2) the LineLM, after computing the breaks, adds to each (block) box
representing a line the references to the FootnoteBodyLM whose citations
are in that line
3) during the remaining of the element collection phase, these
references are not used (but in the creation of "combined" element
lists, when they should be copied inside the new elements)
4) the PageSequenceLM.PageBreaker.getNextKnuthElements() method, after
receiving all the (block) elements, scans them looking for footnote
information, gets the elements from the referenced FootnoteBodyLM and
puts them in a different list (at the moment a list of lists, but this
is sub-optimal), and from the footnote-separator (in a separate list)

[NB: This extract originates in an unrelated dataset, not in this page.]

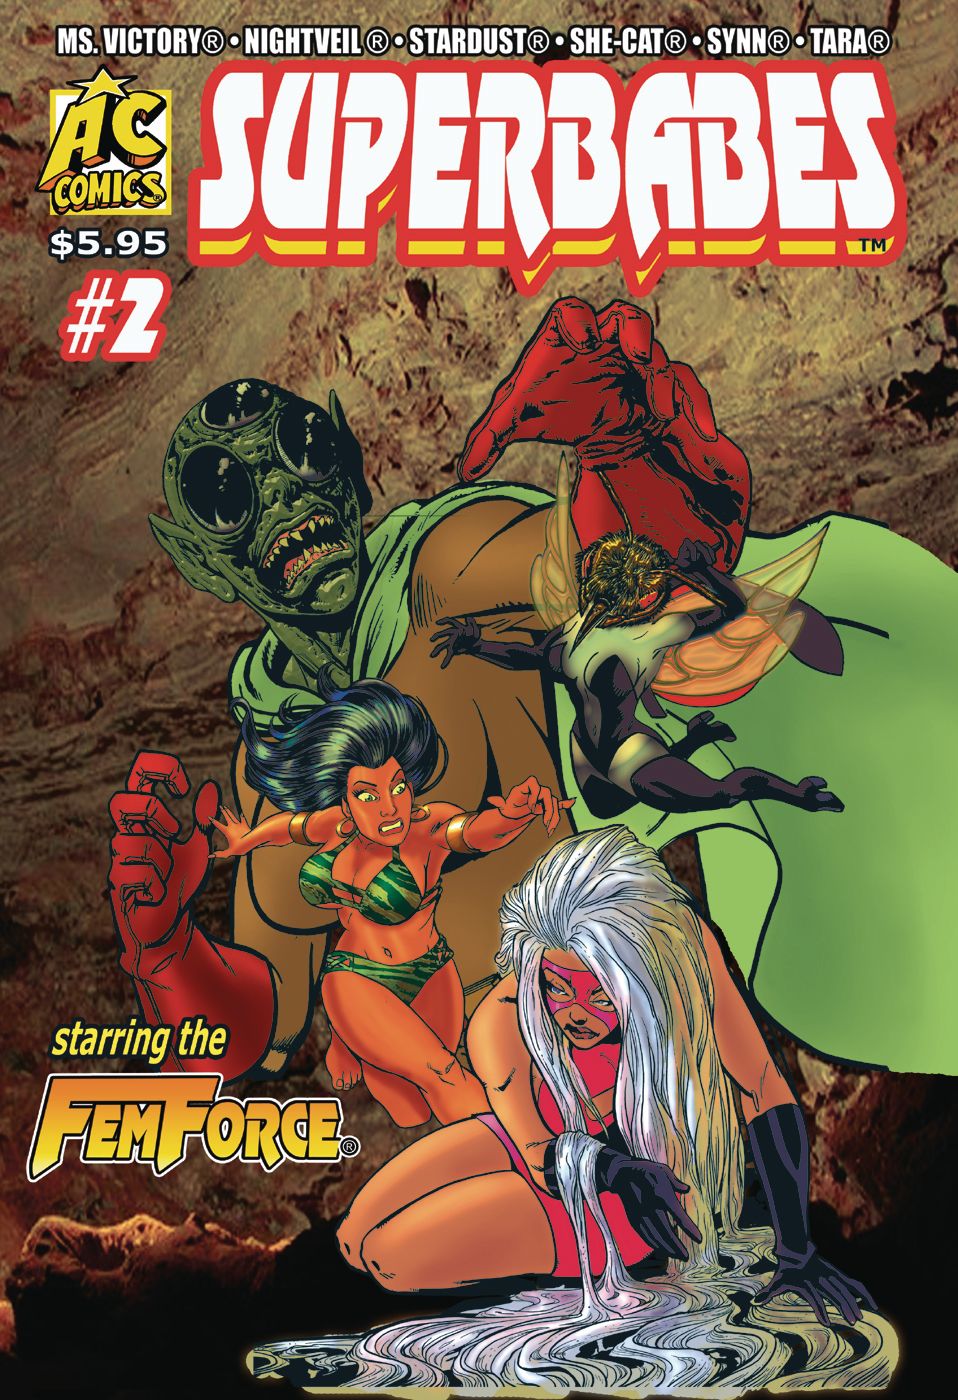 Superbabes Starring Femforce #2 Comic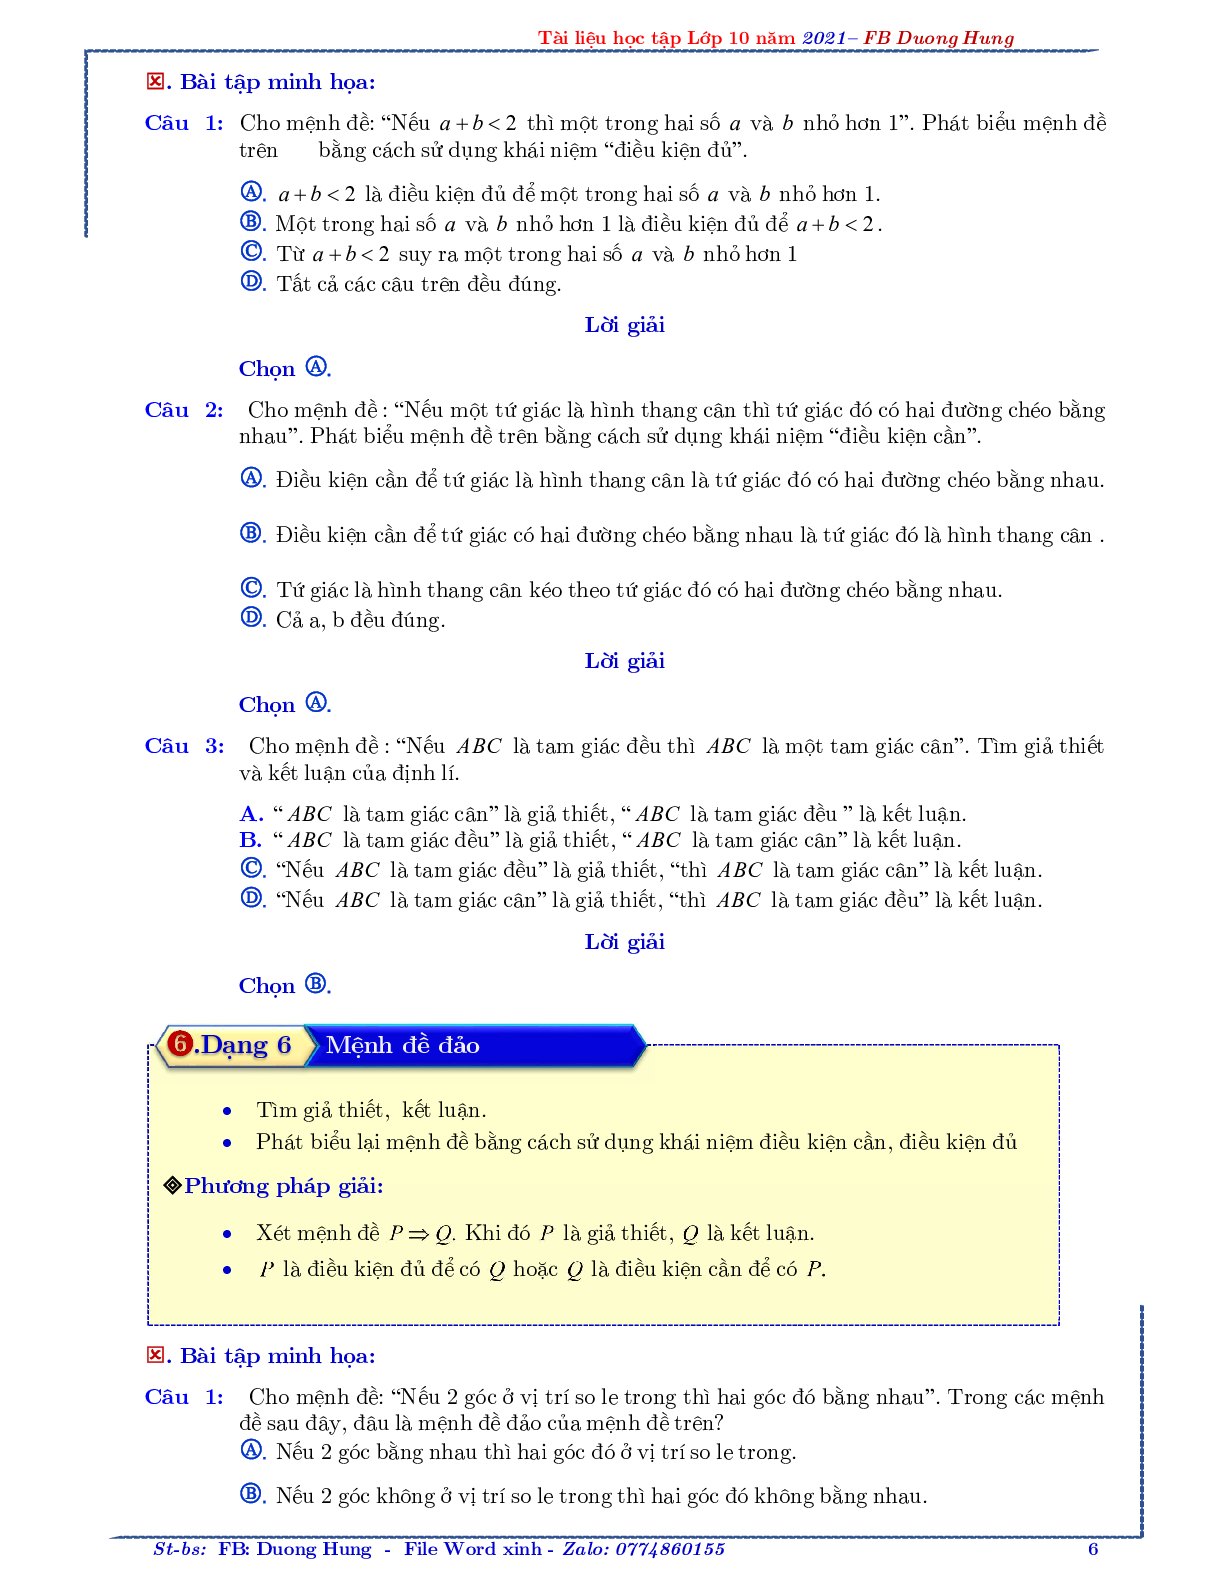 Chuyên đề về mệnh đề và tập hợp - bản 1 (trang 6)

5) these lists are looked at in
PageBreakingAlgorithm.computeDifference(), where we try to add some
footnote content to the "normal" page content using getFootnoteSplit(),
and in computeDemerits(), where some extra demerits are added if we
break a footnote or some footnotes are deferred.
This last point at the moment is performed using many
PageBreakingAlgorithm private variables, which is maybe not the best way
to do it, as we must be very careful about their initialization and
their use, especially when the algorithm restarts. I think that a
"state" object storing these variables could be used to store these
values, and explicitly passed along the methods instead of relying on
the class members, but concerning this I'd like to hear the opinions of
the other committers ...
Insertion of before-floats could be implemented in a similar way, giving
the precedence to the footnote insertion (as it is affected by more
strict constraints).
An important difference between a footnote and a before-float is that
the latter does not have an "inline part", so (if we want to follow the
same pattern) we need to either store the reference inside a
previously-created box or to add some new elements containing the
reference (but we must be sure that these elements cannot be parted from
the previous ones, see the constraints in section 6.10.2 in the spec).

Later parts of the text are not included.